Feature List [ ] Tuple ( )
Can change items? ✅ Yes ❌ No
Can add/remove? ✅ Yes ❌ No
Speed Slower Faster
Use when Data may change Data is fixed

Chapter 3: Sets - Only Unique Items!

👶 What is a Set?

A set is like a bag of unique marbles - no duplicates allowed!

If you try to add the same thing twice, it just ignores it.

Items have NO order (can't access by index!)

# Creating a set - use curly braces {}
fruits = {"apple", "banana", "cherry"}

# Duplicates are automatically removed!
numbers = {1, 2, 2, 3, 3, 3}
print(numbers)       # Output: {1, 2, 3} - duplicates gone!
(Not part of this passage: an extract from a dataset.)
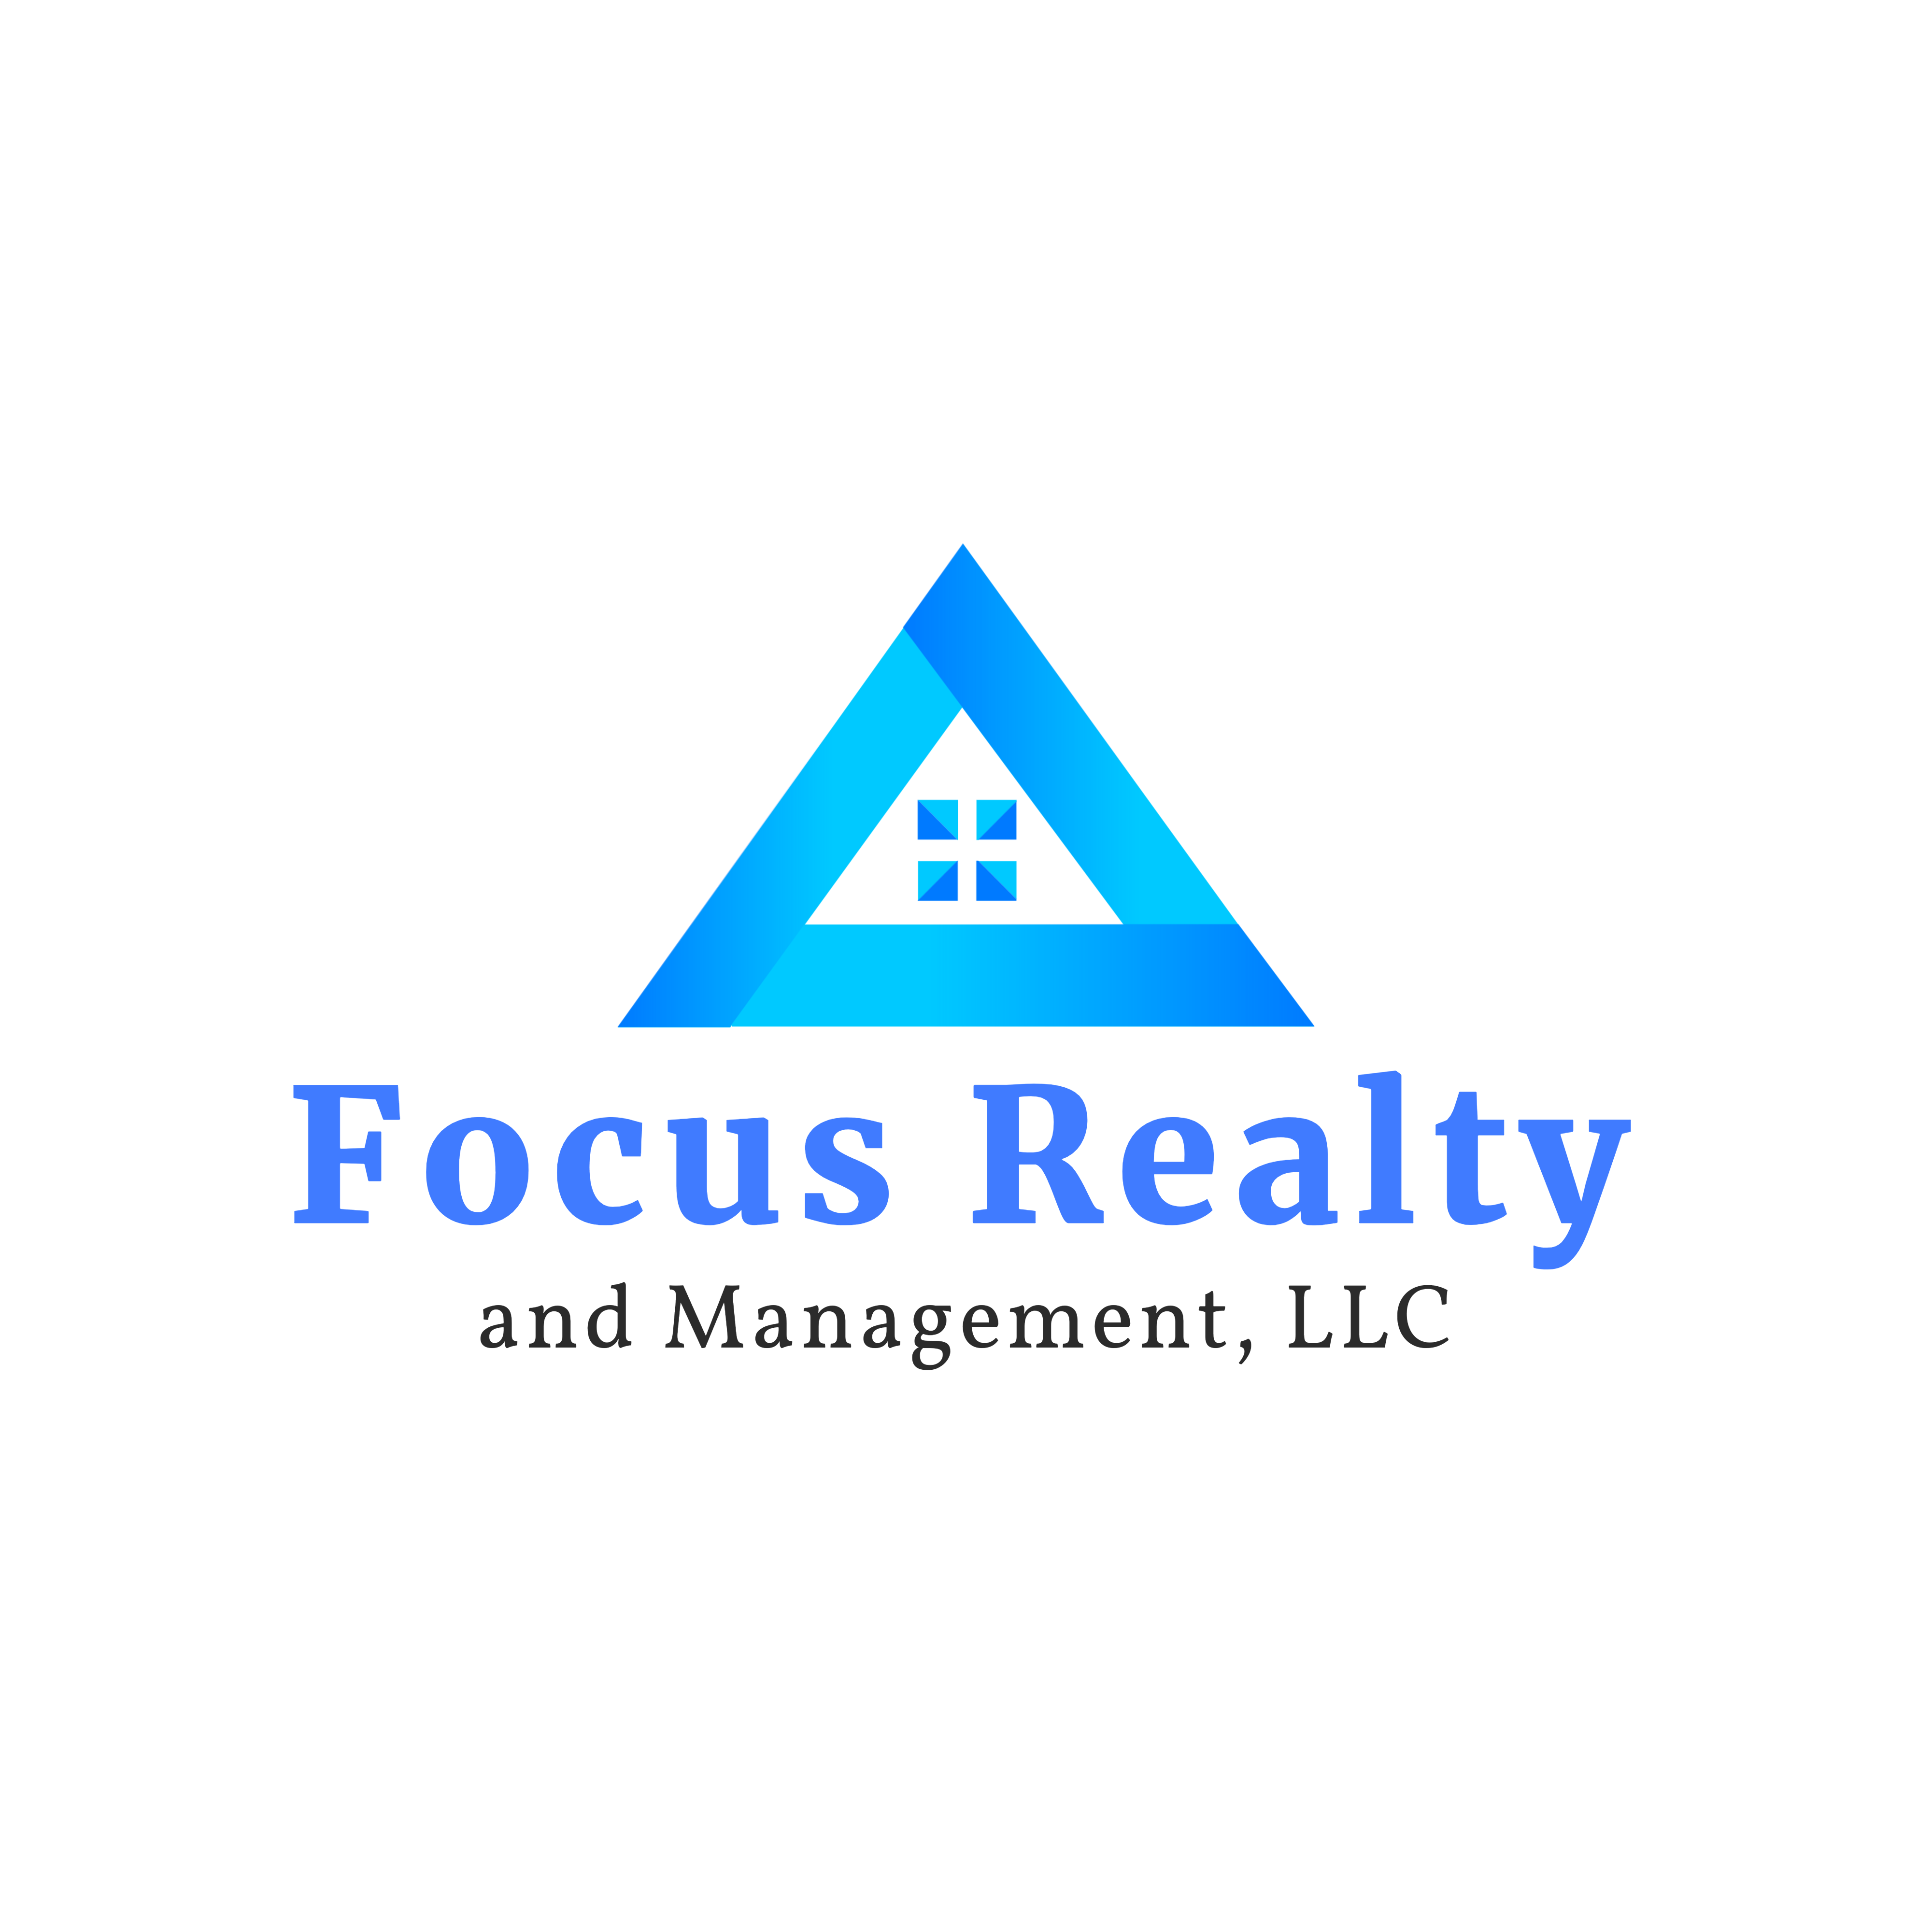 Focus Realty and Management

# Convert list with duplicates to set
my_list = [1, 2, 2, 3, 3, 3]
unique = set(my_list)
print(unique)        # Output: {1, 2, 3}

# CAN'T access by index!
print(fruits[0])     # ❌ TypeError: set doesn't support indexing

Set Operations

fruits = {"apple", "banana"}

# ADD items
fruits.add("cherry")
print(fruits)        # {'apple', 'banana', 'cherry'}

# REMOVE items
fruits.remove("banana")    # Raises error if not found
fruits.discard("mango")    # No error if not found

# Check membership (VERY fast!)
print("apple" in fruits)  # True

# Set math operations
a = {1, 2, 3}
b = {2, 3, 4}

print(a.union(b))        # {1, 2, 3, 4} - ALL items
print(a.intersection(b)) # {2, 3} - COMMON items
print(a.difference(b))   # {1} - In a but NOT in b

🌐 Real Example: Website Unique Visitors

# Track unique IP addresses (no duplicates!)
unique_visitors = set()

unique_visitors.add("192.168.1.1")
unique_visitors.add("192.168.1.2")
unique_visitors.add("192.168.1.1")  # Same person, ignored!
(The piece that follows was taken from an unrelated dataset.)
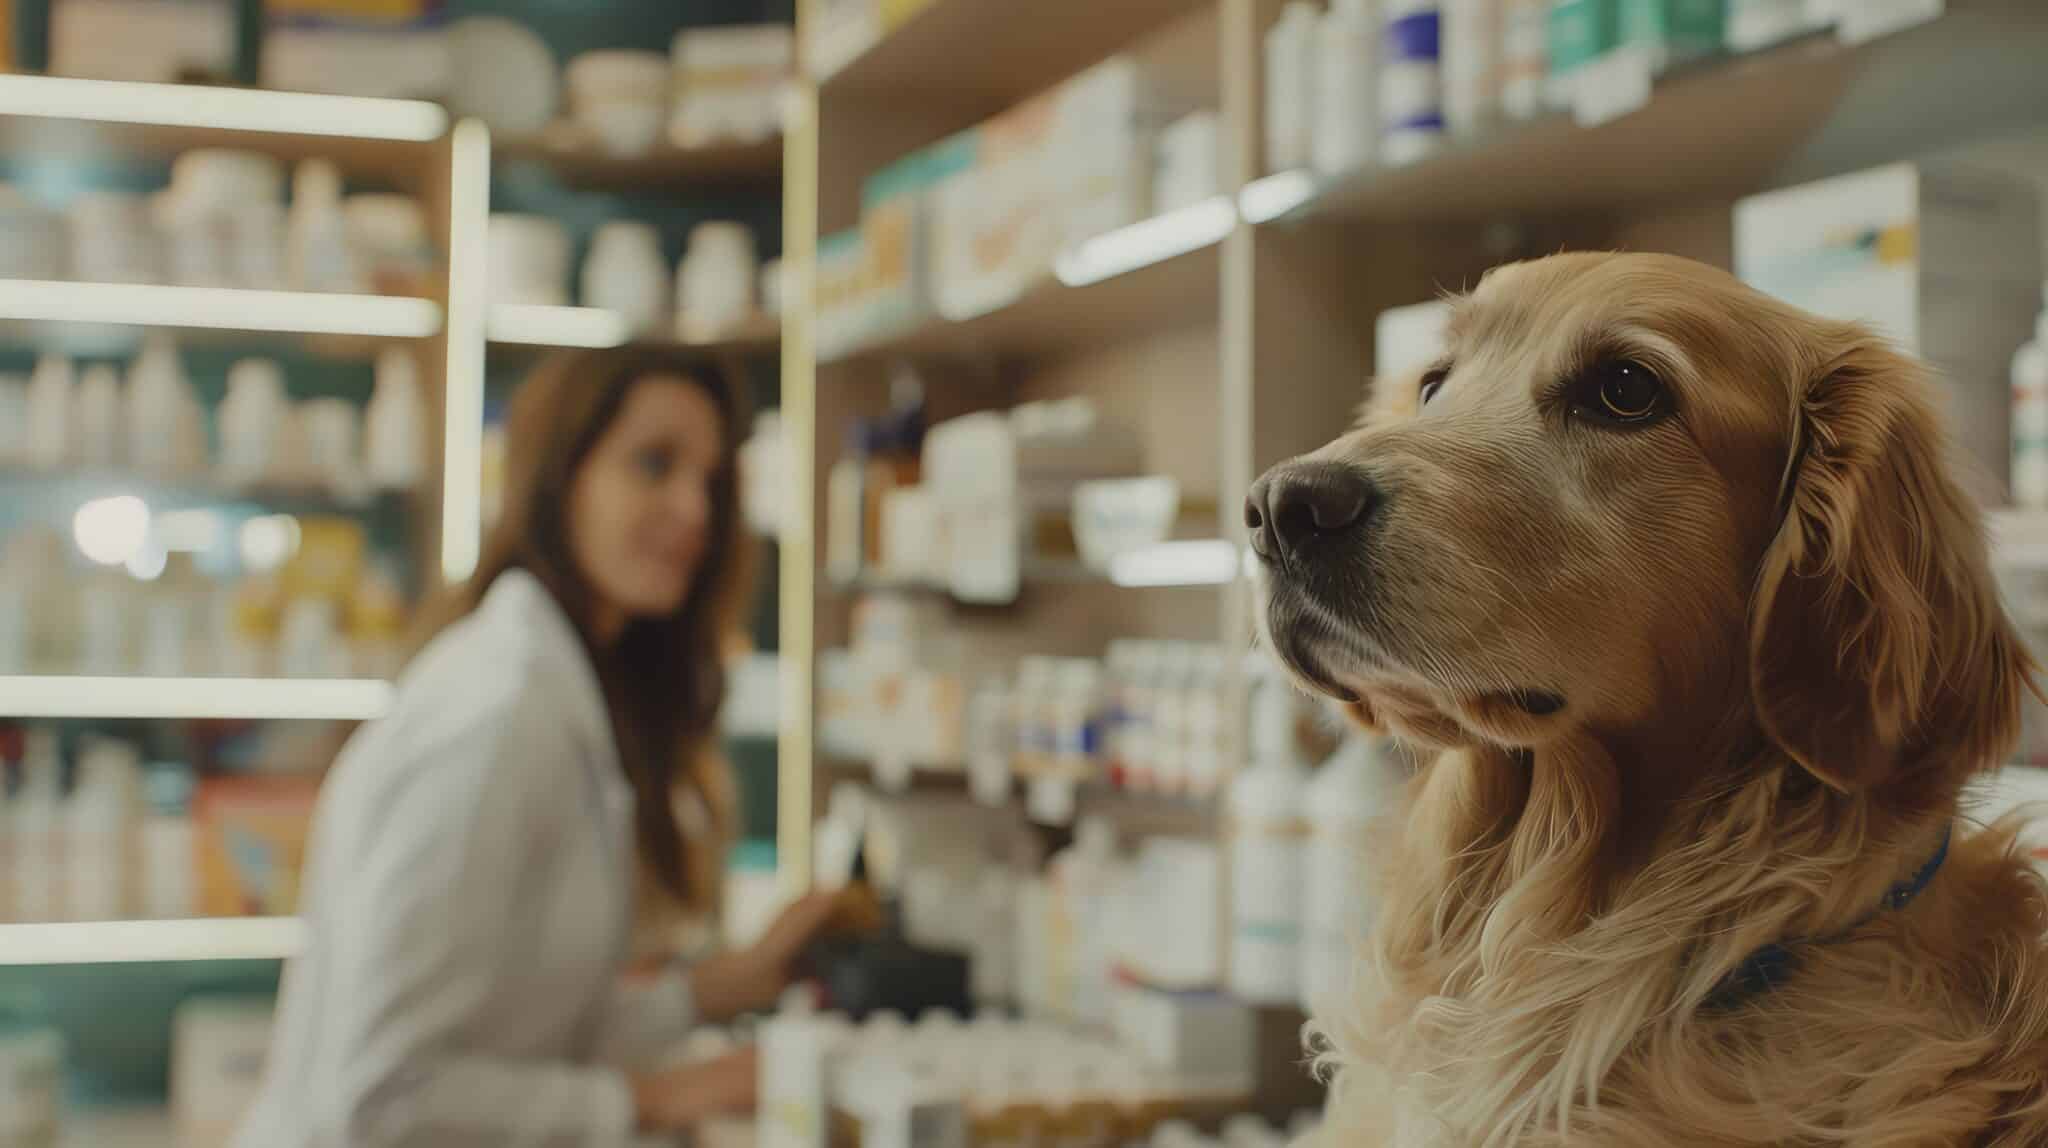 Golden Retriever waits attentively in a veterinary pharmacy, showcasing the personalized care aspect of a veterinary pharmacy career.

print("Unique visitors:", len(unique_visitors))
# Output: Unique visitors: 2

Chapter 4: Dictionaries - Key-Value Pairs

👶 What is a Dictionary?

A dictionary is like a phone book or real dictionary!
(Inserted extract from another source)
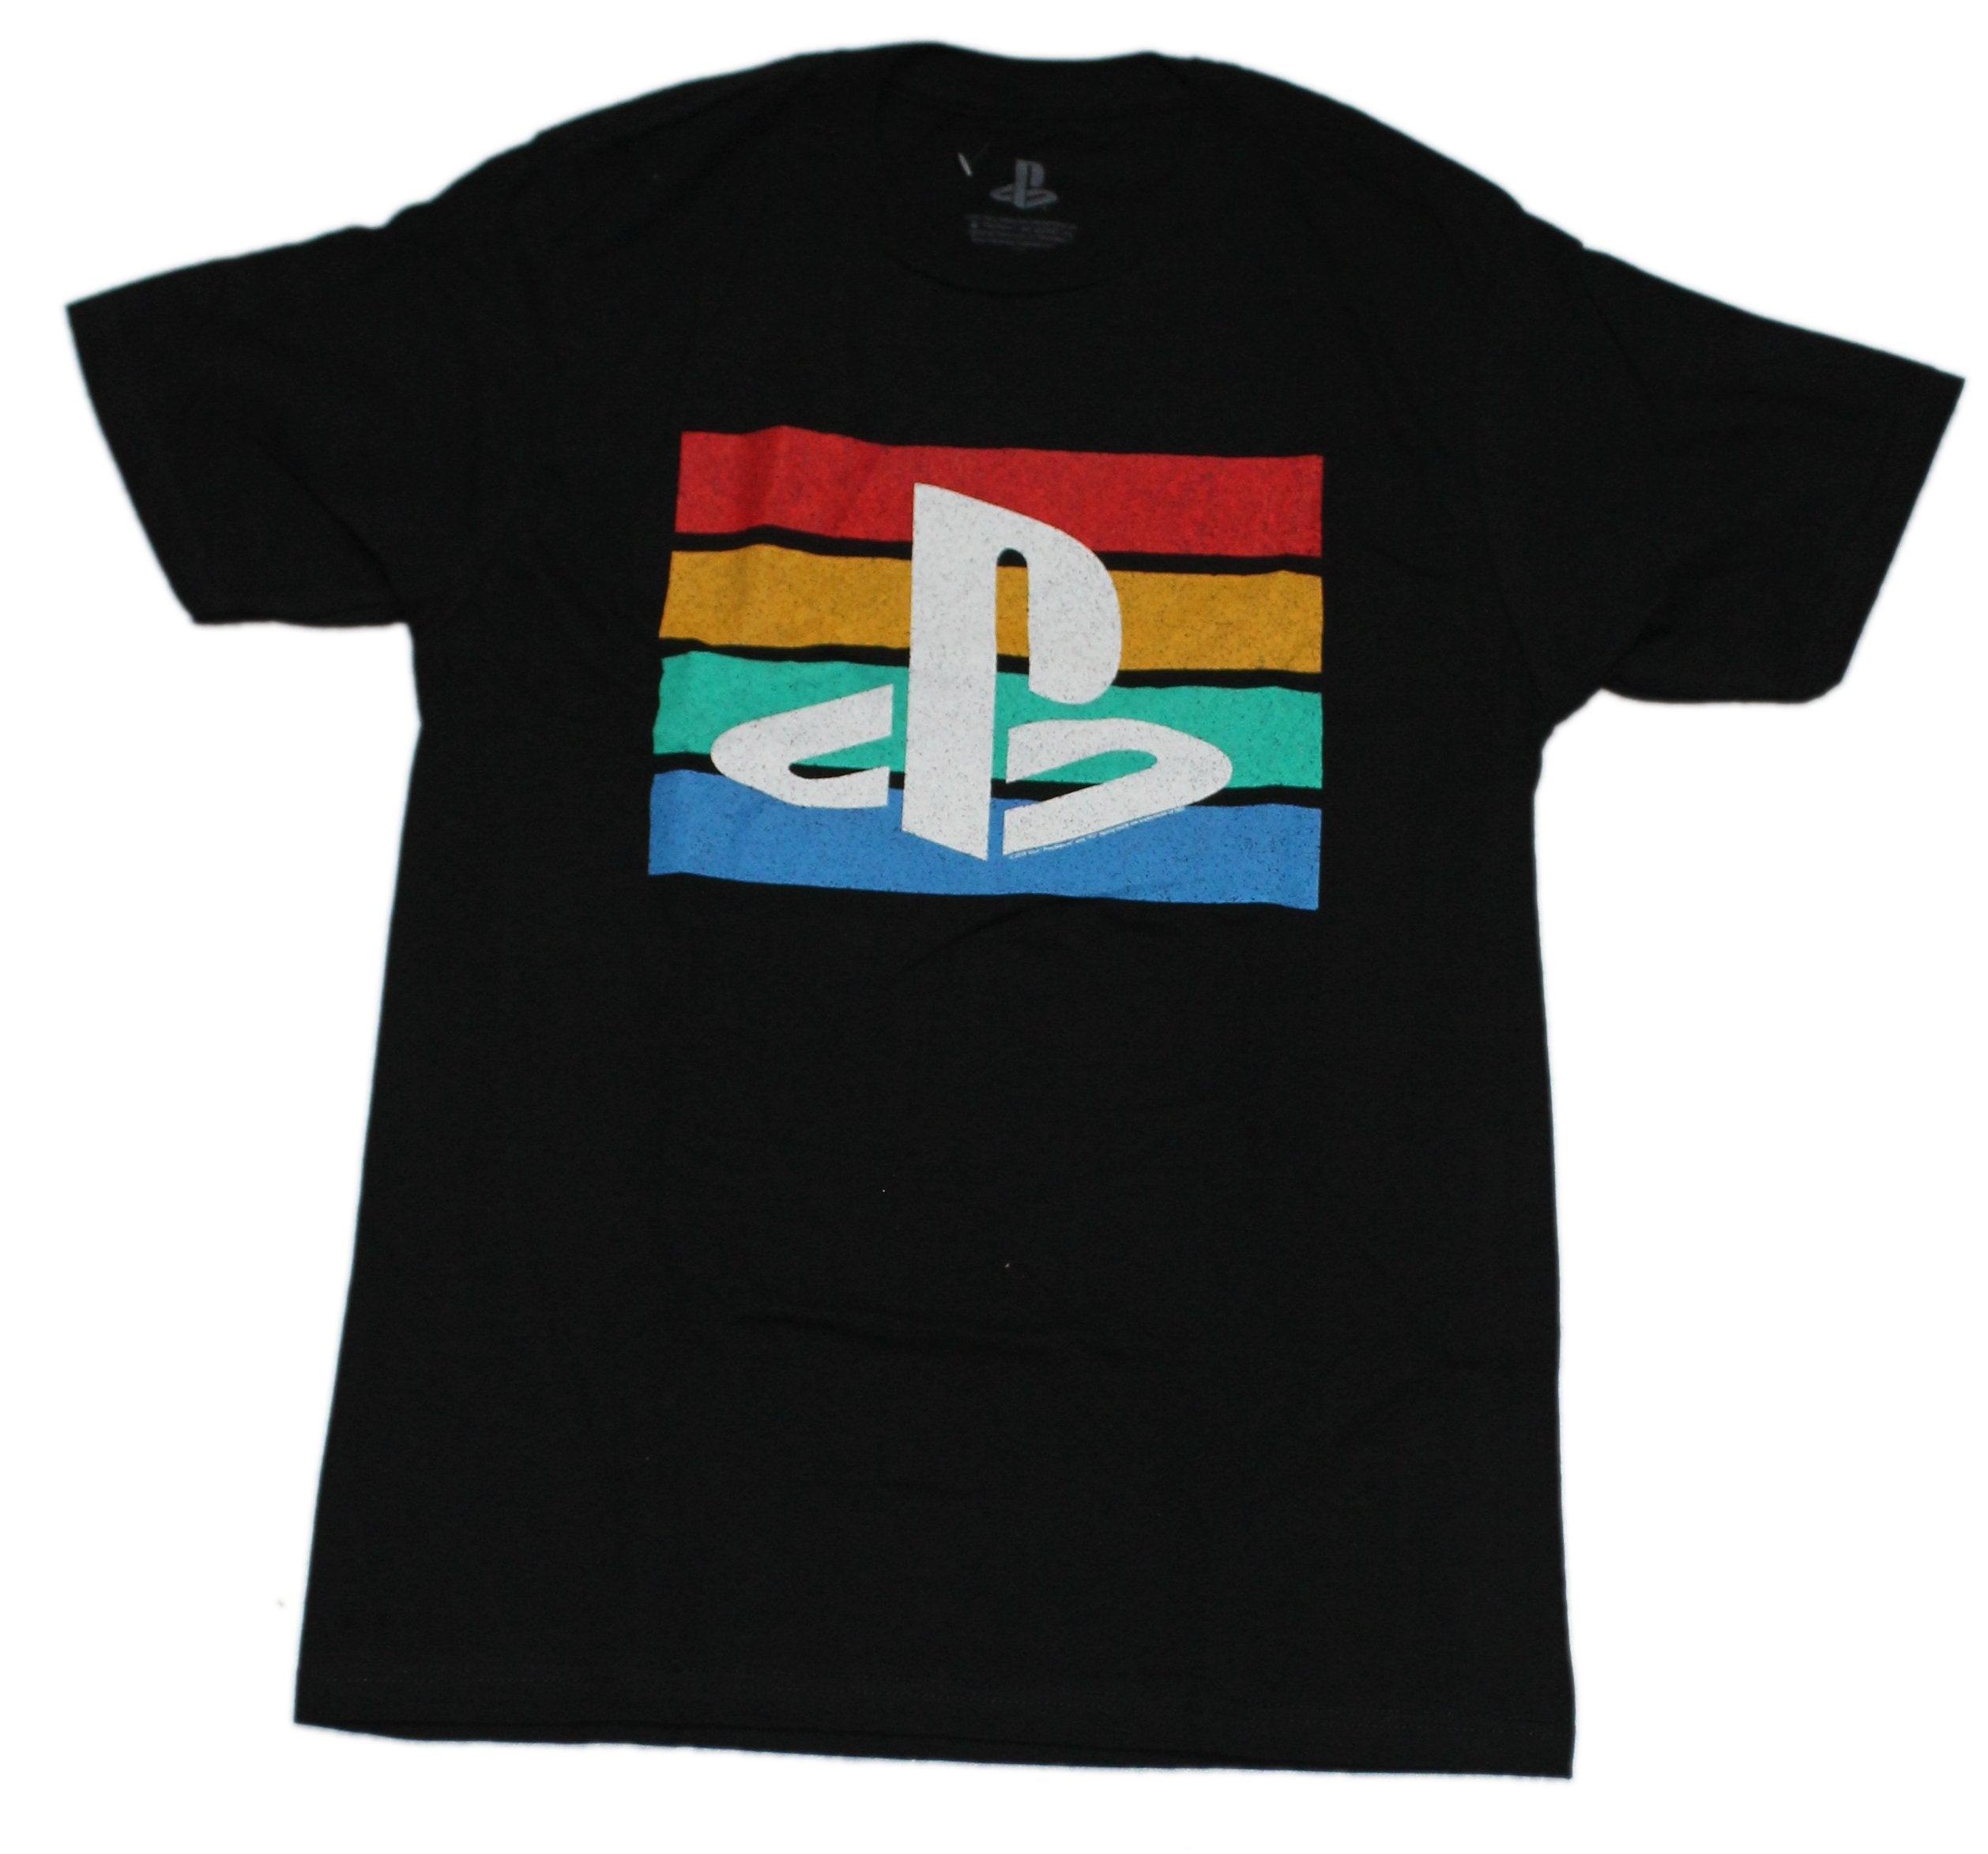 Playstation Mens T-Shirt - Distressed Logo Over Primary Colors

You look up a key (name/word) to find its value (phone number/definition).

Each key must be UNIQUE - you can't have two "John"s with different numbers!

📖 Dictionary Structure

person = {
    "name": "Alice",      ← KEY: VALUE
    "age": 25,            ← KEY: VALUE
    "city": "New York"    ← KEY: VALUE
}

Access: person["name"] → "Alice"
# Creating a dictionary - use curly braces with key:value pairs
person = {
    "name": "Alice",
    "age": 25,
    "city": "New York"
}

# Access values by KEY (not index!)
print(person["name"])    # Output: Alice
print(person.get("age")) # Output: 25

# person[0] would give an ERROR! Must use key.

Dictionary Operations

person = {"name": "Alice", "age": 25}

# ADD or UPDATE items
person["city"] = "New York"    # Add new key
person["age"] = 26              # Update existing key
print(person)
# {'name': 'Alice', 'age': 26, 'city': 'New York'}

# REMOVE items
person.pop("city")              # Remove by key
del person["age"]              # Alternative way

# GET all keys, values, or both
print(person.keys())          # dict_keys(['name'])
print(person.values())        # dict_values(['Alice'])
print(person.items())         # dict_items([('name', 'Alice')])

# LOOP through dictionary
person = {"name": "Alice", "age": 25}
for key, value in person.items():
    print(f"{key}: {value}")
# name: Alice
# age: 25

🍽️ Real Example: Restaurant Table Booking

# Track which customer is at which table
bookings = {}

# Customer books table 3
bookings[3] = "Arjun"
bookings[1] = "Priya"

print("Bookings:", bookings)
# {3: 'Arjun', 1: 'Priya'}

# Who is at table 3?
print(f"Table 3: {bookings[3]}")
# Table 3: Arjun

# Customer leaves
del bookings[3]
print("After checkout:", bookings)
# {1: 'Priya'}

🚫 Common Mistakes with Data Structures

💭 Short reflection

In one sentence: when would you choose a tuple over a list, and why?

✅ CORE (Must know)

📚 NON-CORE (Good to know)

Summary: When to Use What?

Situation Use This Why?
Shopping list that changes List Need to add/remove items
Days of the week Tuple Never changes, faster
Track unique visitors Set No duplicates needed
Student grades by name Dict Look up by key (name)
Ordered collection, duplicates OK List Most flexible
GPS coordinates Tuple Shouldn't change

🎉 You Now Know Python Data Structures!

These are the building blocks of ALL Python programs!